Hypothesis: Maintaining CB₁‑dependent ZO‑1 expression in the distal small intestine during mid‑life prevents the downstream rise in systemic inflammatory markers that characterizes inflammaging.

Mechanistic basis

Age‑related loss of CB₁ in the distal small intestine lifts repression of miR‑191‑5p and activates NF‑κB p65, which together suppress ZO‑1 transcription 3. Reduced ZO‑1 weakens the tight‑ junction seal, allowing increased translocation of bacterial ligands such as LPS and peptidoglycan. These microbial‑associated molecular patterns engage TLR4 on lamina propria dendritic cells, triggering local release of IL‑6 and TNF‑α that spill into the circulation and sustain a low‑grade inflammatory state 2,4. Importantly, ZO‑1 also scaffolds actin‑binding proteins that restrain RhoA/ROCK‑mediated contractility; its loss increases myosin II‑driven tension, further destabilizing junctions independent of protein levels (see the Myosin II Contractile Trigger discussion). By preserving CB₁ signaling, ZO‑1 levels remain sufficient to both seal the paracellular pathway and curb excessive cytoskeletal tension, thereby blocking the initial microbial‑triggered inflammatory cascade.

Testable predictions

1. Longitudinal CB₁ agonist treatment in mice starting at 12 months of age will preserve distal‑small‑intestinal ZO‑1 and occludin levels, reduce serum LPS‑binding protein, and attenuate the age‑associated increase in circulating IL‑6 and TNF‑α compared with vehicle controls.
2. Conditional knockout of CB₁ restricted to intestinal epithelial cells will accelerate the appearance of serum zonulin and cytokine elevations, even when colonic ZO‑1 remains intact, highlighting the distal small intestine as the critical early site.
3. Pharmacologic inhibition of myosin II ATPase (blebbistatin) in CB₁‑deficient mice will rescue barrier permeability without restoring ZO‑1, demonstrating that contractile tension contributes independently to inflammaging.

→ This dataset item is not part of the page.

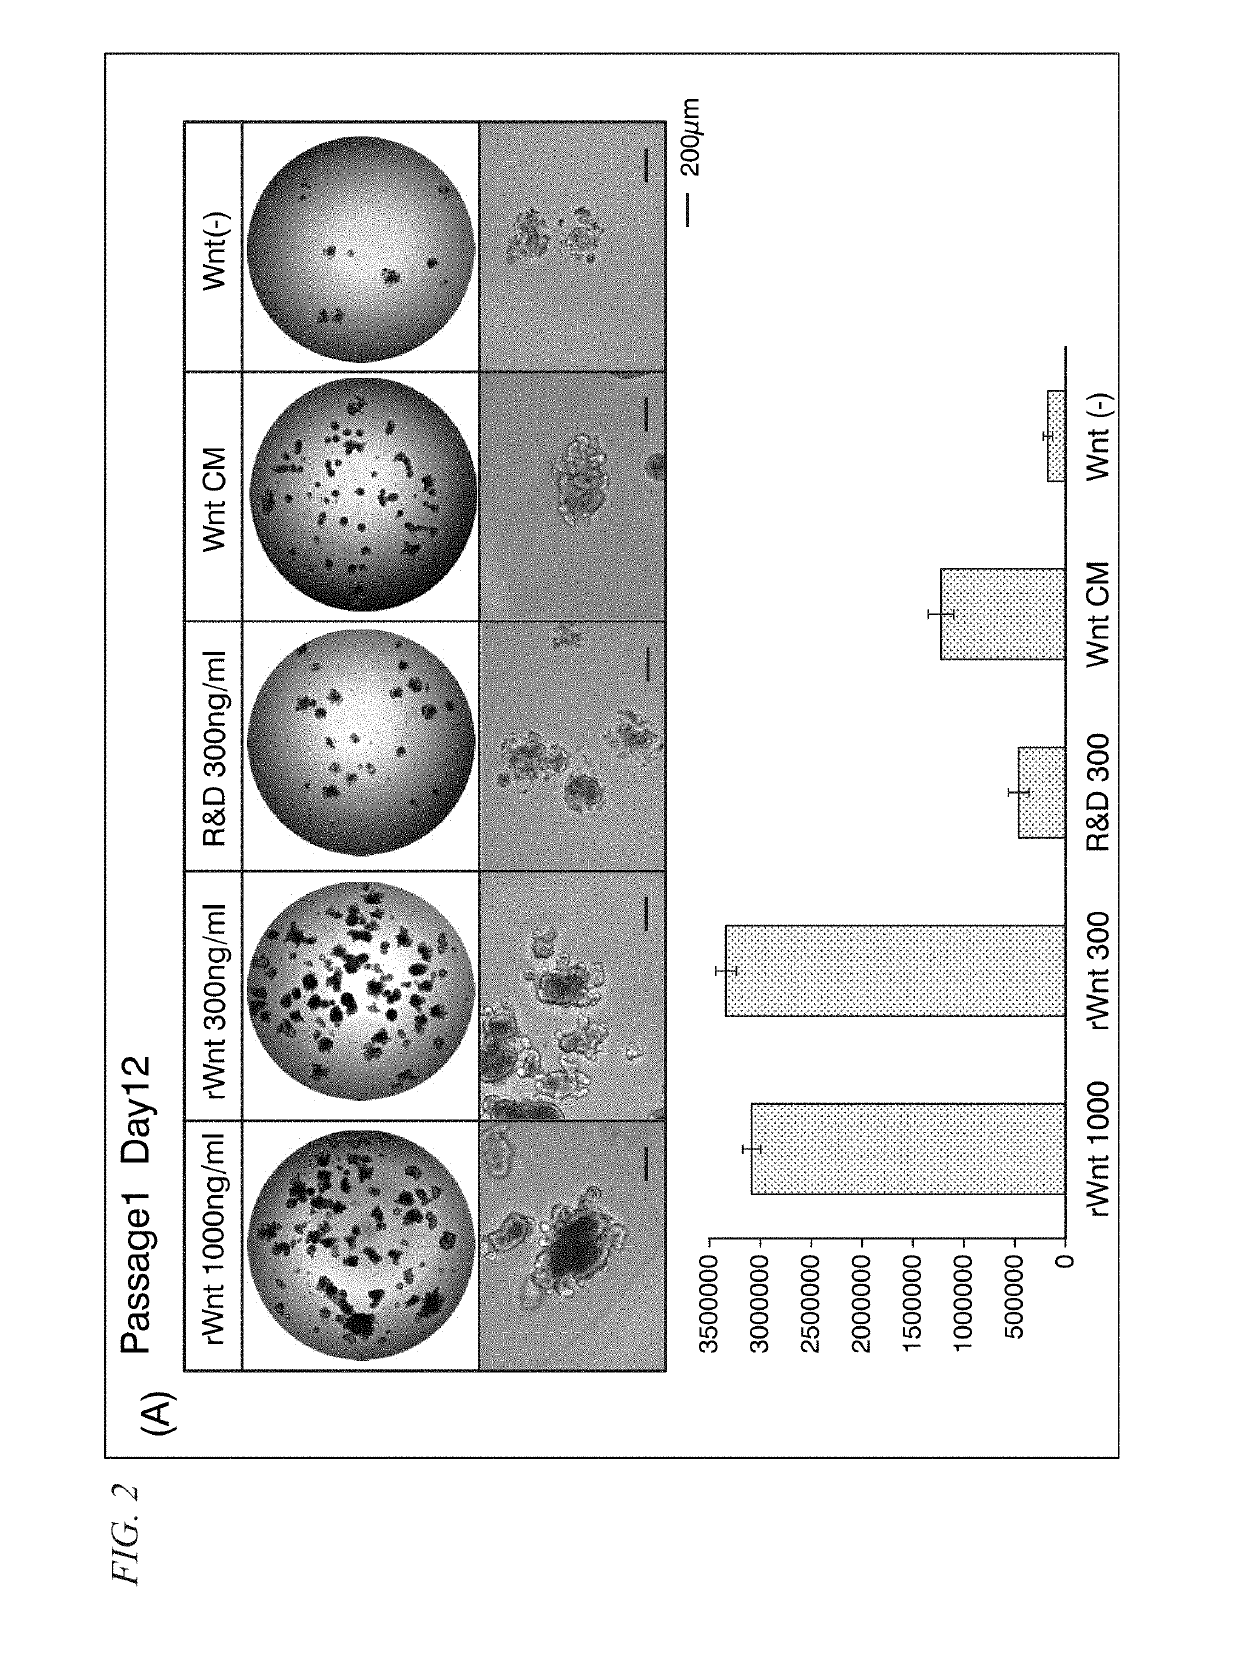 Cell culture medium, culture method, and organoid

Potential confounders and controls

• Microbiota composition shifts with age; experiments will include cohousing or fecal transplant controls to isolate barrier effects.
• Off‑target effects of CB₁ agonists will be monitored using CB₁‑null littermates.
• Serum zonulin will be measured alongside functional permeability assays (FITC‑dextran) to validate the biomarker.

Experimental outline

• Cohort: C57BL/6 mice, n=15 per group, treated from 12 mo to 24 mo.
• Groups: vehicle, CB₁ agonist (ACEA), CB₁ agonist + myosin II inhibitor, epithelial‑specific CB₁ KO, and WT.
• Readouts: intestinal ZO‑1/occludin immunofluorescence, transepithelial resistance ex vivo, serum LPS‑binding protein, IL‑6, TNF‑α, zonulin, and histological inflammation scores.
• Statistical analysis: two‑way ANOVA with post‑hoc Tukey; significance set at p<0.05.

If CB₁‑mediated ZO‑1 preservation delays the rise of systemic inflammatory markers, the hypothesis is supported; failure to observe such protection would falsify the claim that distal small‑intestinal barrier integrity is a primary driver of inflammaging.